Friday, October 19, 2018

Until the Time of Singing

I turned the heat on for the first time this morning. Ragnar, our visitor from Siberia, is thrilled with the arctic blast. I huddled by the heater with a steamy cup of coffee. He told me that the sooner we got out for our run in that frosty morning, the better.

I will be honest, a touch of dread fills me as winter approaches. The older I get, the more challenging the cold becomes for me. I stand for several hours several mornings a week on the sidewalk of the busiest abortion center in the SE. Even moderate cold chills me to the bone. And it is always colder in front of the abortion center. What is happening in that building sends a mind-numbing chill to the entire community...as it should.

Which makes me doubly sad that sometimes we cannot fill the sidewalks with enough volunteers to effectively reach the women with our offers of help and resources, and the love of Christ. It is our city that hosts this horror. It is in our city that dozens of babies die gruesome deaths there everyday. Where are the Christ-followers who have the only message that can truly change this culture of death? Maybe sitting in their nice warm homes...

They are missing out. I received two texts this week with photos of new babies born to moms Cities4Life had helped who chose life over abortion. My favorite: "I can't wait for you to meet him.
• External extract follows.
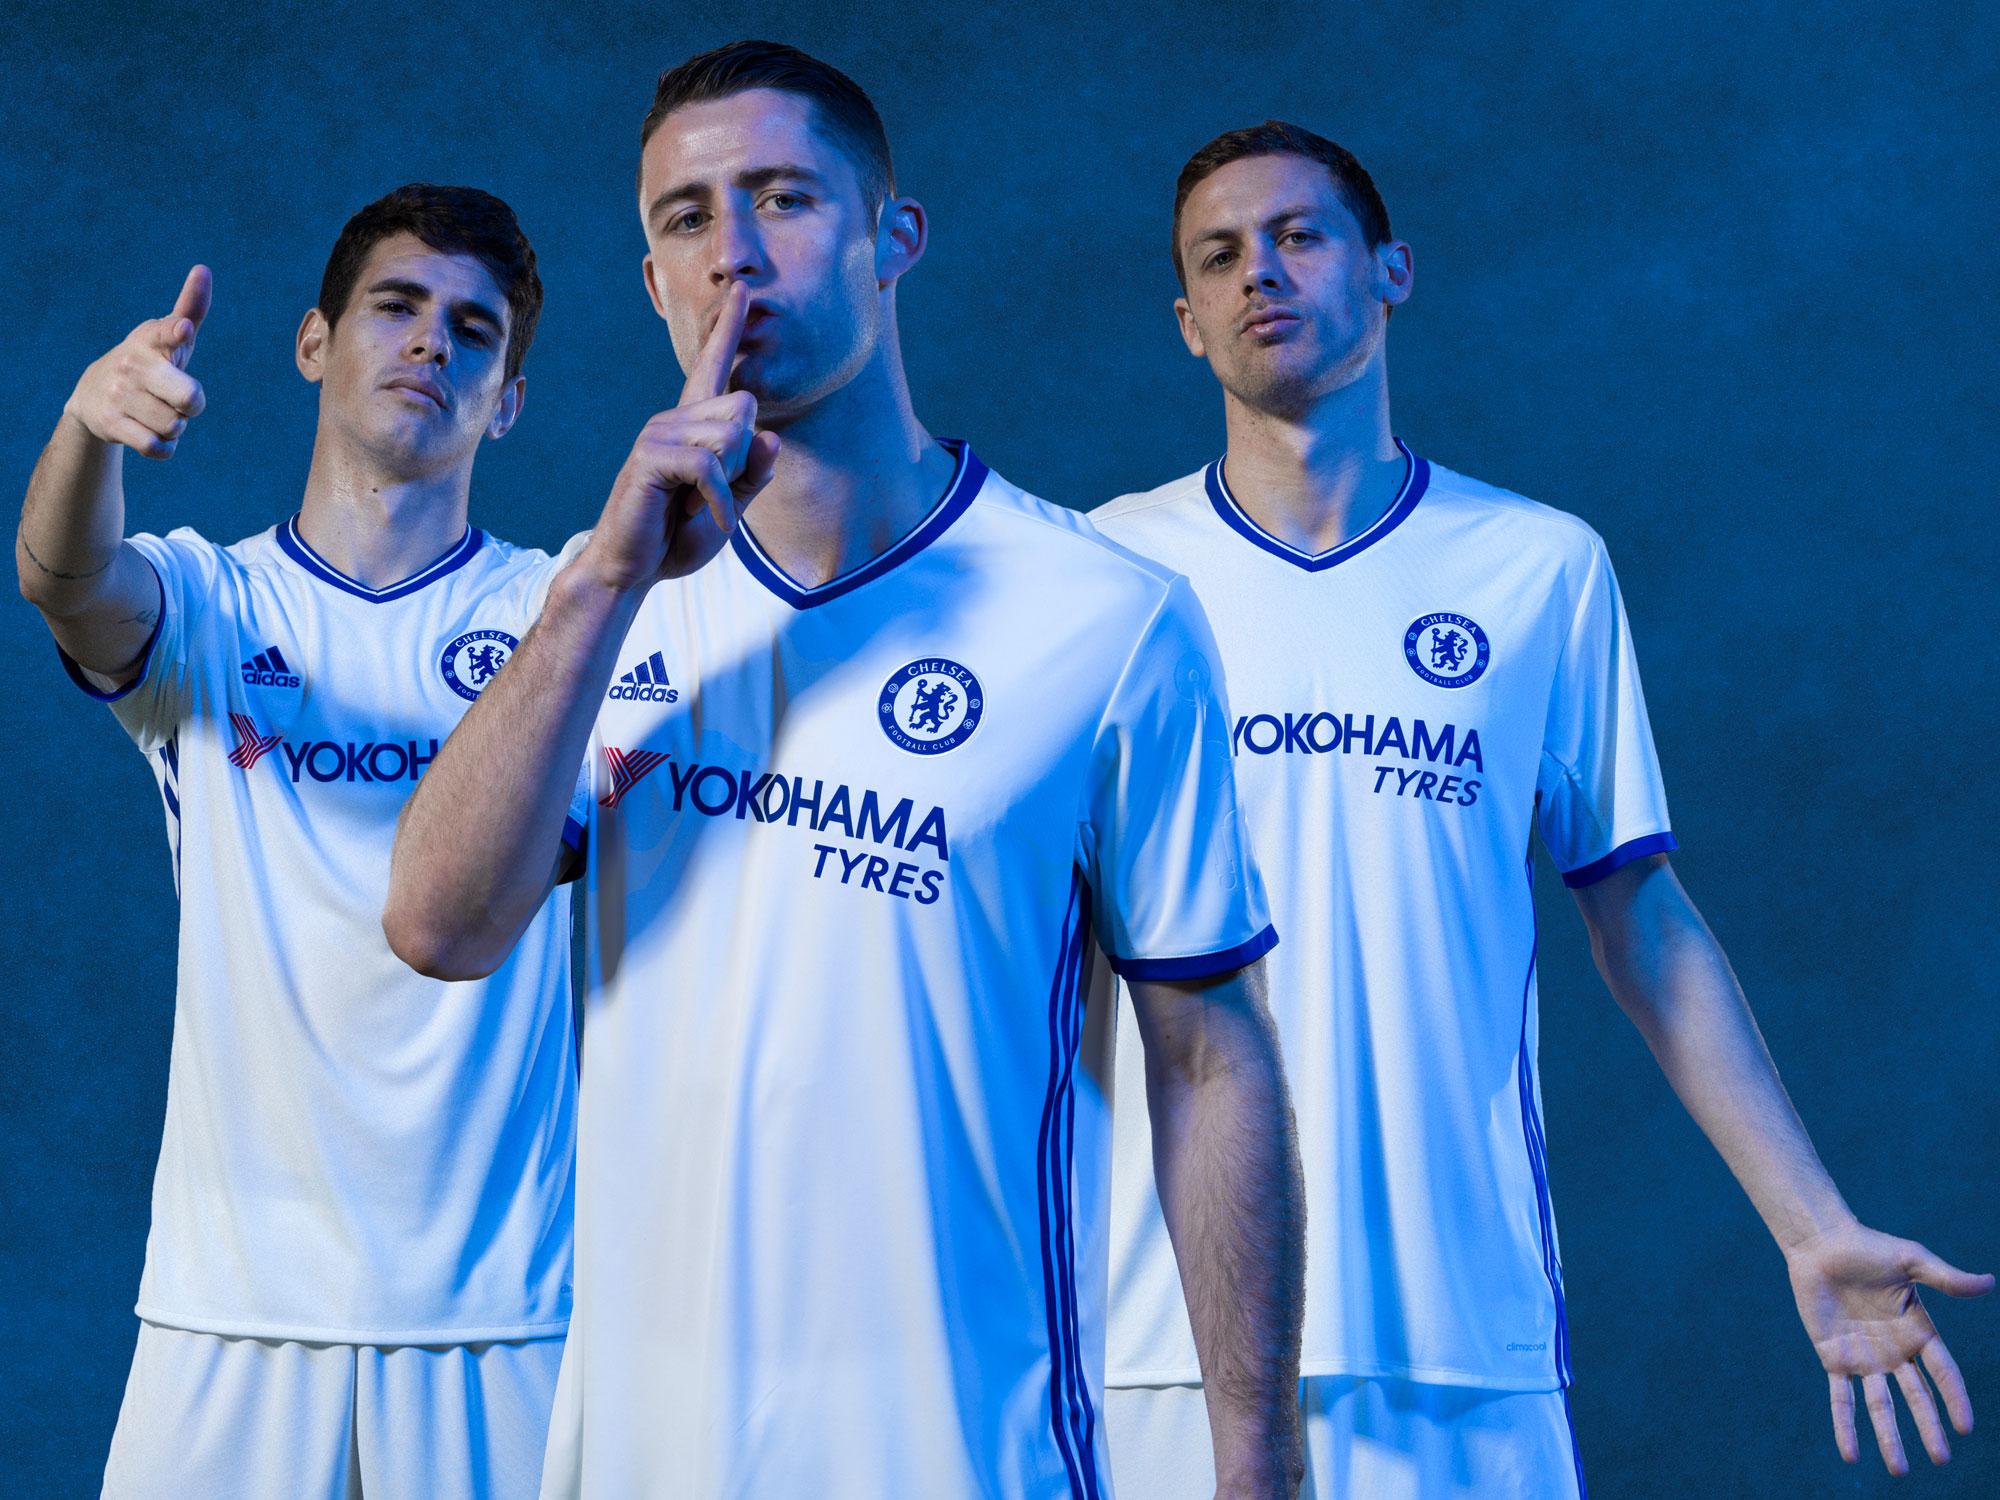 Chelsea's new third uniform
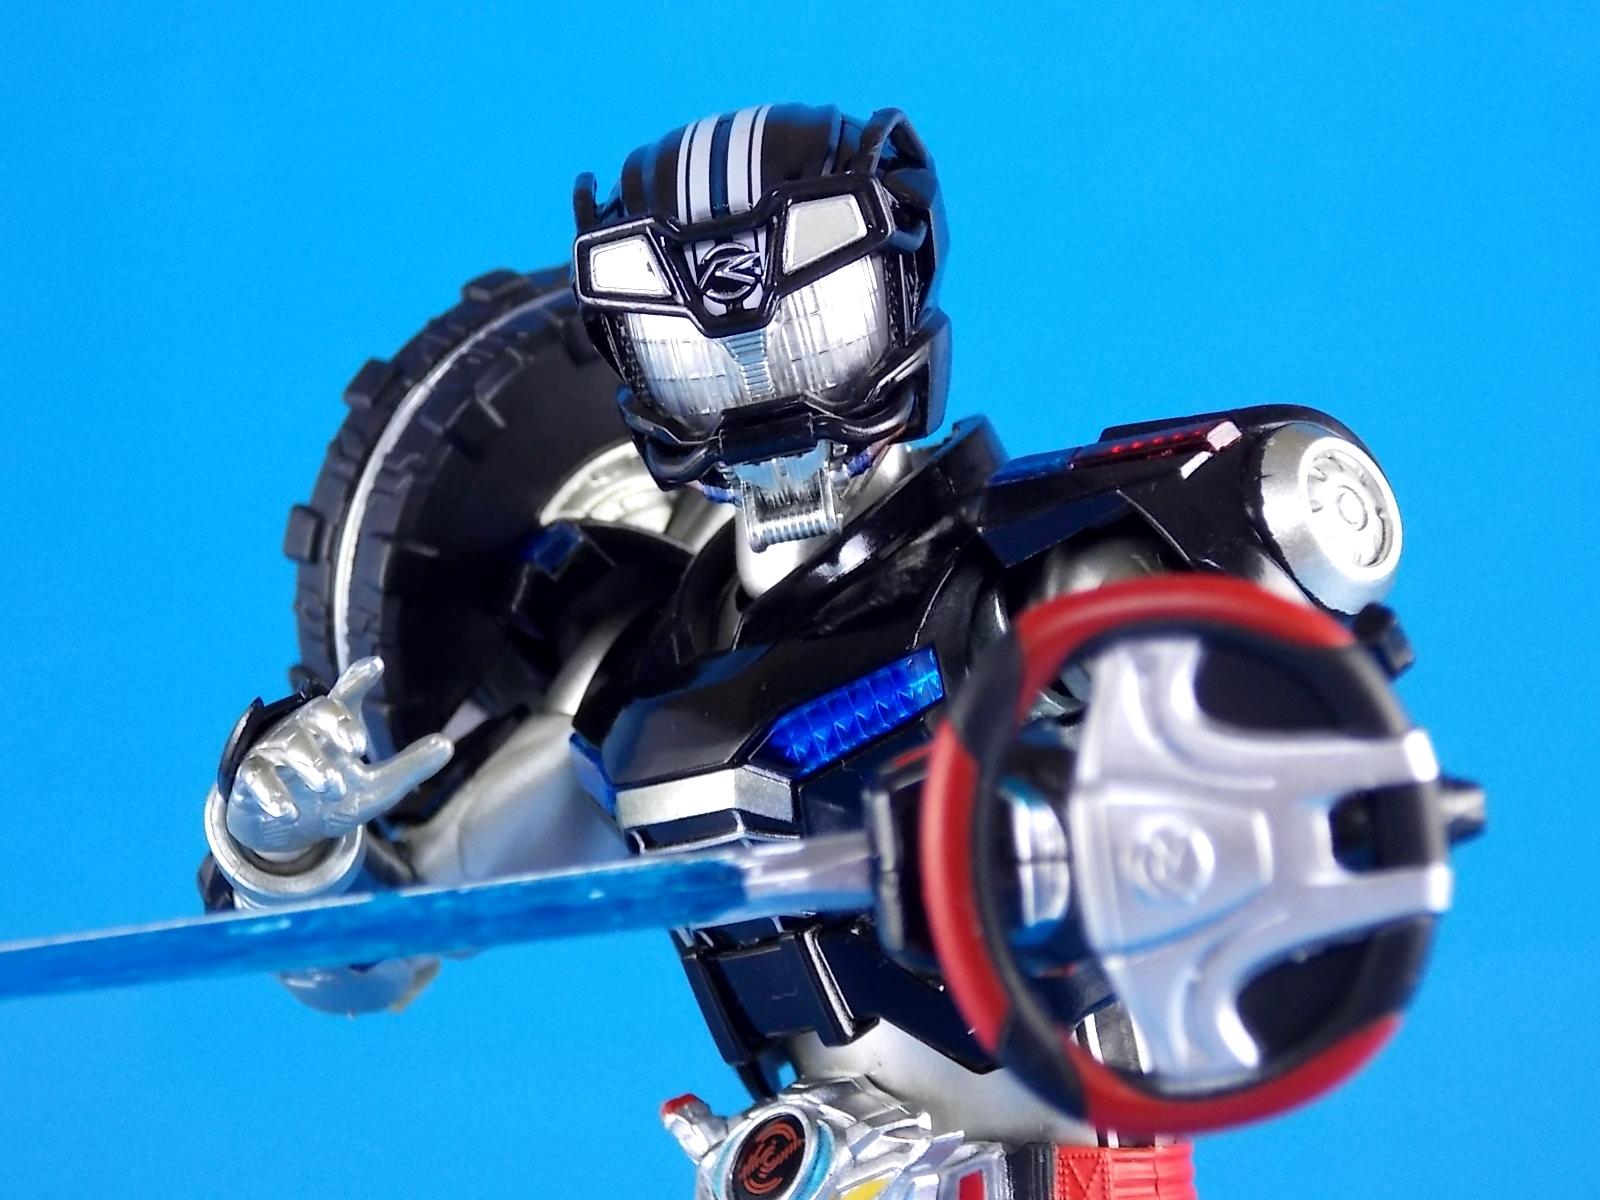 Toys, Hobbies Figuarts Kamen Rider Drive Type Wild Anime & Manga Useful Bandai Tamashii Nations S.h

If you hadn't been there, he wouldn't be here."

I pulled out my heated jacket and heated gloves and recharged the batteries to be ready for the chilly day forecast for today. Then I spent the rest of the afternoon preparing the sequel of my latest series for publication. The series is fiction, but based upon people and events I encounter at the abortion center. It is told through the eyes of a former abortion worker as she comes to know God, forgiveness, and redemption through Christ. On the journey with her is a dog who almost talks her language. I called the dog Bo, surprisingly before my first grandson was conceived...who is named Beau.

Ragnar is excited by the cold, and I am facing it with trepidation. If you are curled up on your warm couch and want to be prepared to read the second book in my new series which might encourage you to be a part of the ministry that helps women choose life, you can find the first book HERE.  While it deals with a very serious subject, it is told with humor and there's a mystery and love story to spice the interest.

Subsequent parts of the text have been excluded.